A diagnostic test is not expected to directly change health outcomes. Rather, a diagnostic test affects health outcomes through changes in disease management brought about by physician actions taken in response to test results. Such actions may include decisions to treat or withhold treatment, to choose one treatment modality over another, or to choose a different dose or duration of the same treatment. Thus, in the case of MTWA we expect that the evidence base would demonstrate changes in patient outcomes by informing physician decisions about which beneficiaries may need an ICD and which do not. The Medicare regulations at 42 CFR 410.32(a) state in part, “…diagnostic tests must be ordered by the physician who is treating the beneficiary, that is, the physician who furnishes a consultation or treats a beneficiary for a specific medical problem and who uses the results in the management of the beneficiary’s specific medical problem.” In this instance we focus on evidence to determine if MTWA testing by the MMA method correctly stratifies Medicare beneficiaries’ risk for SCD and thus informs the treating physicians’ decision to recommend or not recommend ICD placement.

B. Answer to Key Question:

Is the evidence sufficient to conclude that MTWA testing using the MMA method improves health outcomes for Medicare beneficiaries who are candidates for ICD placement?

The answer to this question is "No." Our evidence review found 15 unique clinical studies out of 21 relevant publications. There was no prospective randomized controlled trial (RCT) examining the MMA method, nor any prospective head-to-head comparative study of the MMA and SA methods. There were no high quality studies that addressed the analytical question of whether MTWA testing using the MMA method improves health outcomes for Medicare beneficiaries who are candidates for ICD placement (see NCD 20.4 at: http://cms.gov/medicare-coverage-database/details/ncd-details.aspx?NCDId=110&ncdver=3&NCAId=148&bc=AiAAAAAAAgAAAA%3d%3d&). Of the 15 studies, ten reported positive results; however, seven of these were conducted outside the U.S. in populations that were generally younger and healthier in terms of number and severity of comorbidities than the Medicare population. One sub-analysis (Nieminen 2014) was limited by confounding and two other studies (Stein 2008, Stein 2010) were small, exploratory case-control studies with no subsequent confirmatory studies.
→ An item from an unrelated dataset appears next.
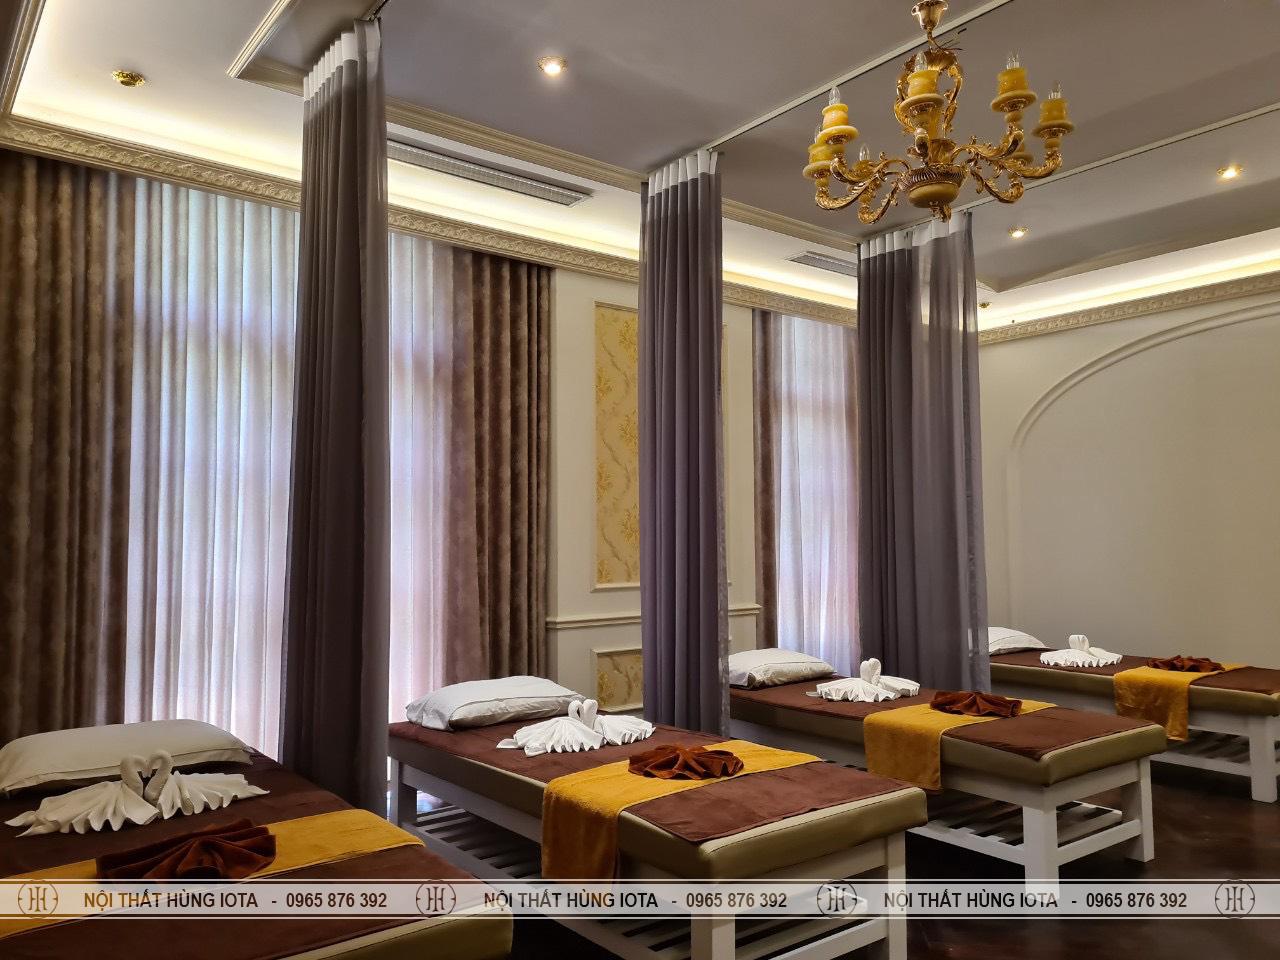 Giường spa làm massage body màu trắng, khoét mặt đệm tại Mỹ Đình

There is insufficient evidence to conclude that the two methods of MTWA testing, SA and MMA, are substantially comparable. As we discuss extensively below, these are different technologies that operate with different technical parameters based on fundamentally different approaches (and this is consistent with FDA’s treatment of them as separate devices). There appears to be considerably less standardization in test parameters (microvolt thresholds, which leads to interpret, etc.) among studies using the MMA method compared to those using the SA method. Most importantly, as stated above, there are no prospective head-to-head comparative studies of the two methods. One study (Exner 2007) included both methods but comparative results were not reported. Thus we cannot confidentially impute results of studies using the SA method to the MMA method.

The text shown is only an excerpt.